В дневнике, который ведет Юрий Андреевич, живя с семьей в Варыкине, перечисляются литературные произведения, которые они читают и перечитывают, и называется в их числе «Повесть о двух городах» Диккенса (IX, 2). Хотя, по убеждению Г. Честертона, «по благородству и красоте стиля это произведение занимает чуть ли не первое место среди других творений Диккенса»,[884] «Повесть о двух городах» не принадлежит – во всяком случае, в русской читательской среде – к числу наиболее известных произведений великого английского писателя, и уже в силу этого обстоятельства упоминанию романа в одном ряду с «Войной и миром», «Евгением Онегиным» и «Красным и черным» Стендаля следует, очевидно, придавать определенный смысл.[885] Главное основание для этого упоминания – сходство тематики и ее трактовки, позволяющее осмыслять «Повесть о двух городах» как своего рода прообраз «Доктора Живаго». В центре сюжета романа Диккенса – события Великой французской революции; автор видит в них прежде всего разгул диких разрушительных инстинктов, всеобщее озверение и умопомешательство.
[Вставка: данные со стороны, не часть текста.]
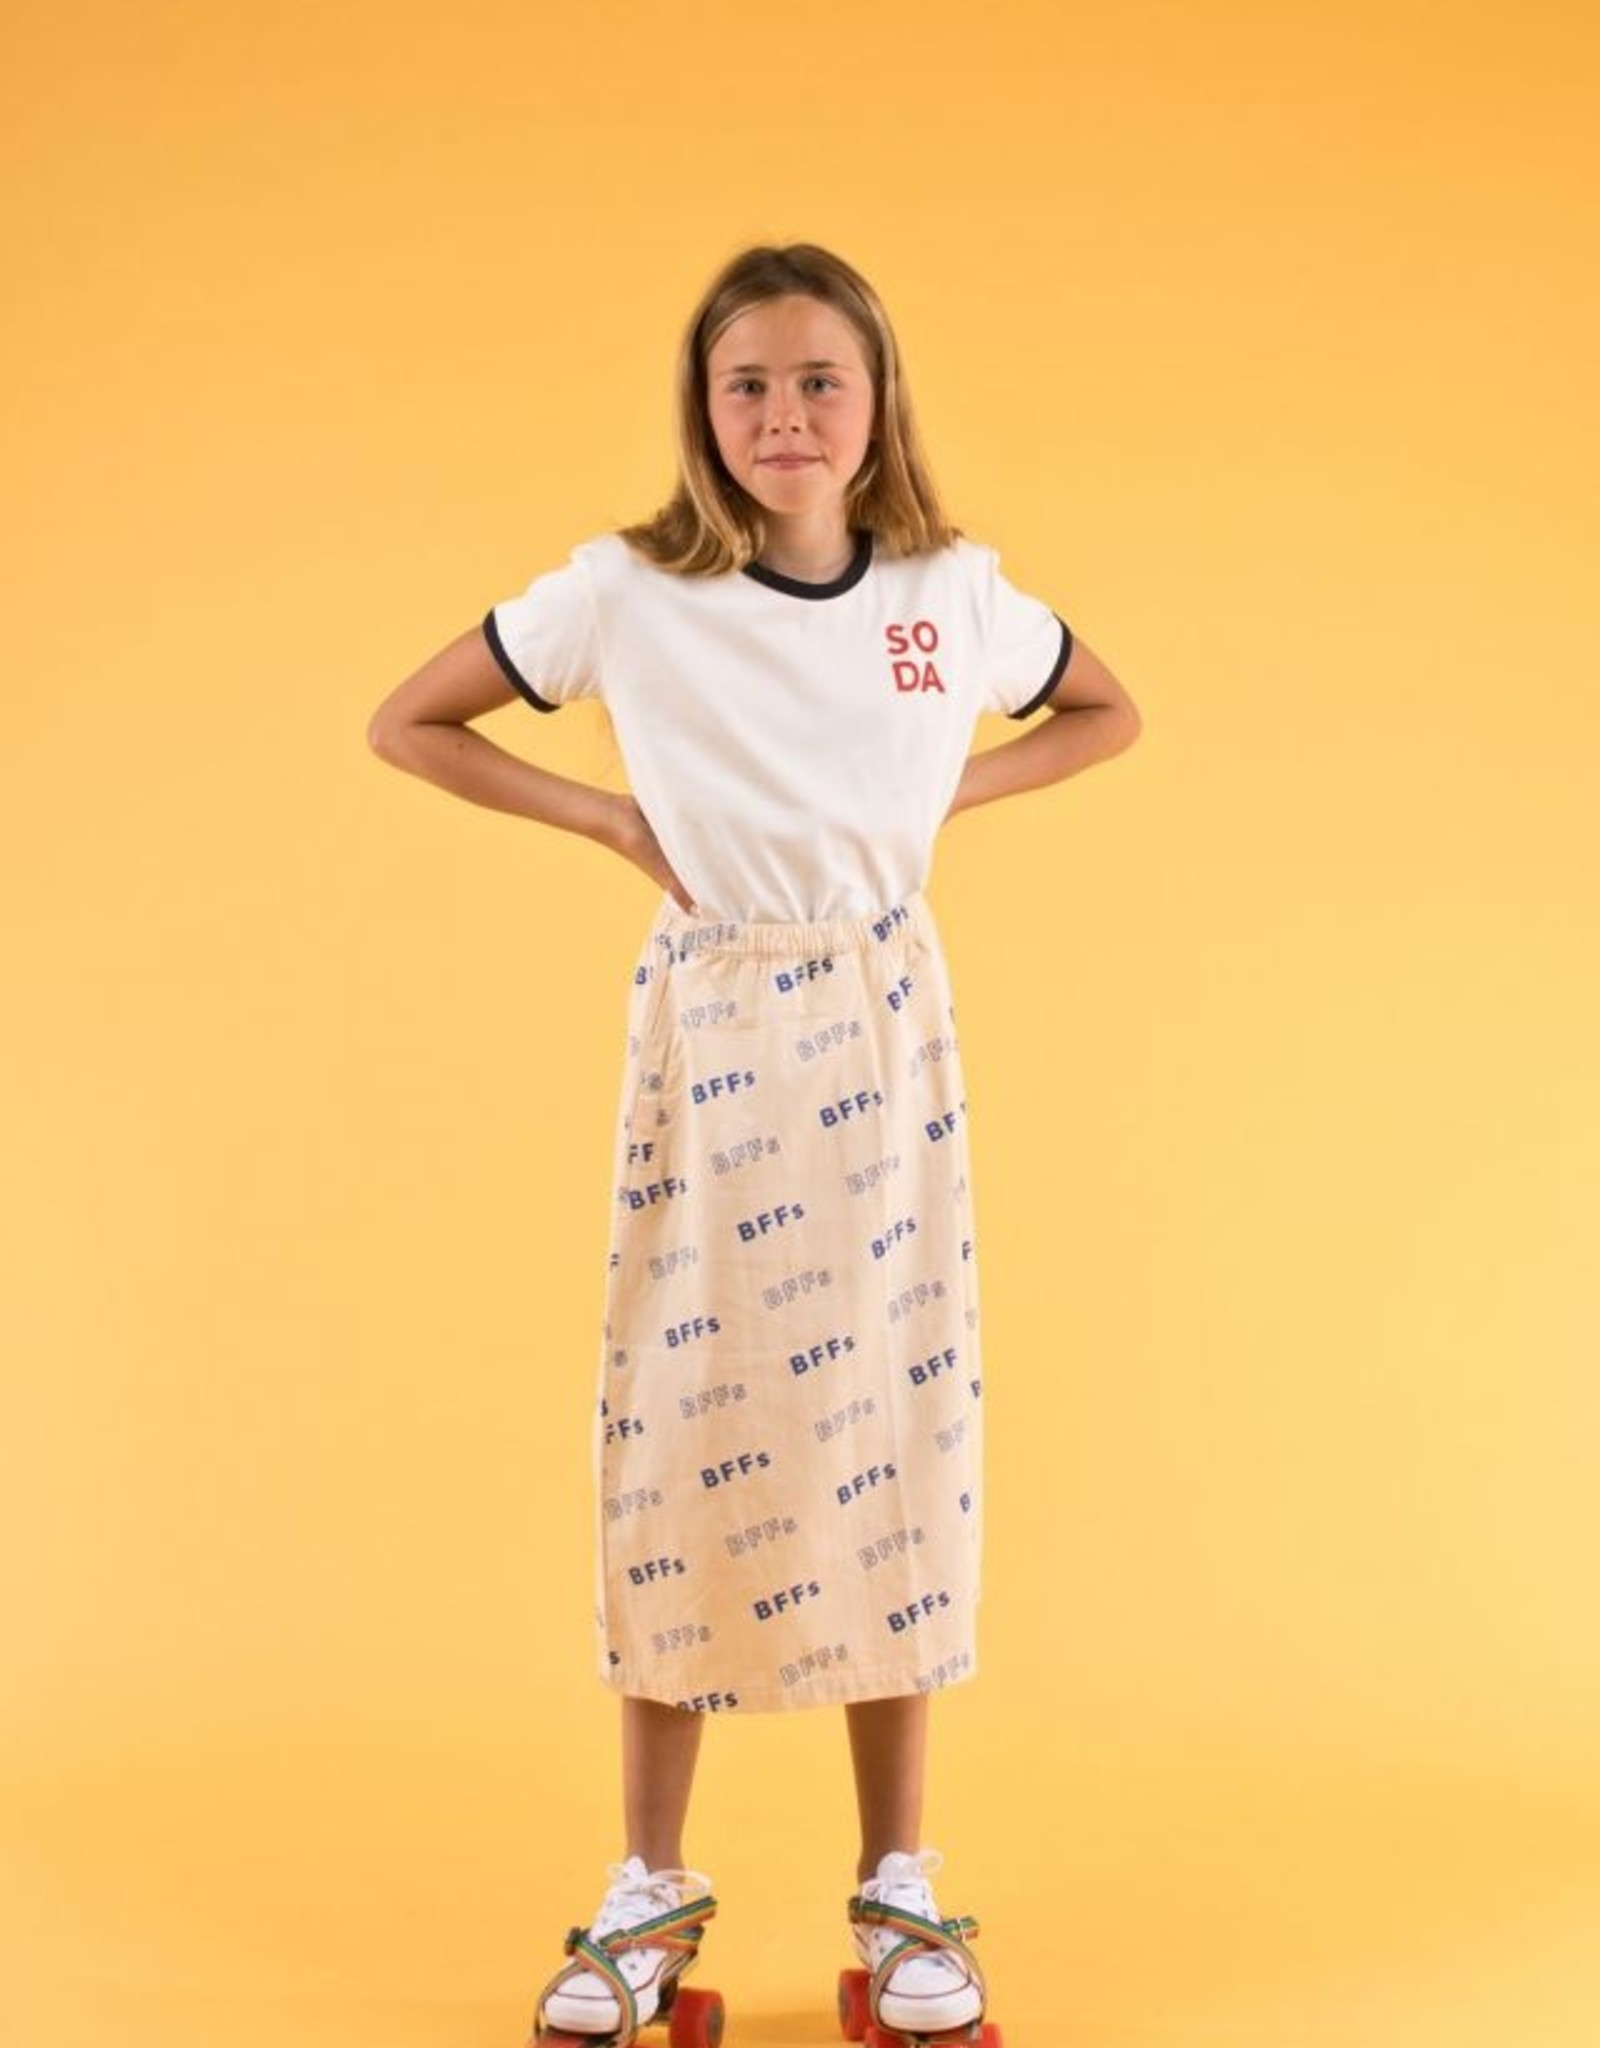 Tinycottons BFFS skirt

Революционному террору, который Диккенс воспринимает как «страшный душевный недуг, порожденный невообразимыми страданиями, чудовищным притеснением и жестокостью»,[886] противостоят в романе идеи христианского гуманизма, милосердия и пафос личной жертвенности. «Идея свободной личности и идея жизни как жертвы» (I, 5), проповедуемые на первых страницах «Доктора Живаго» Веденяпиным, находят свое конкретное воплощение в главной сюжетной коллизии «Повести о двух городах»: герой романа, Сидни Картон, жертвует собой ради любимой женщины и ее ребенка – добровольно подменяет ее мужа (аристократа, без всякой вины приговоренного к смерти) и идет вместо него на гильотину. Жертвенный акт Картона, его внутренний облик и поведение перед казнью получают у Диккенса мистериальную окраску, осмысляются как «подражание Христу» (значимая подробность: Картон в последние минуты поддерживает душевные силы у влекомой вместе с ним на гильотину невинно осужденной молодой девушки), и этот патетический и катарсический финал «Повести о двух городах» невольно соотносится со стихотворным финалом романа Пастернака – стихами о Магдалине, «Дурными днями» («И темными силами храма // Он отдан подонкам на суд») и «Гефсиманским садом» («Я в добровольных муках в гроб сойду»).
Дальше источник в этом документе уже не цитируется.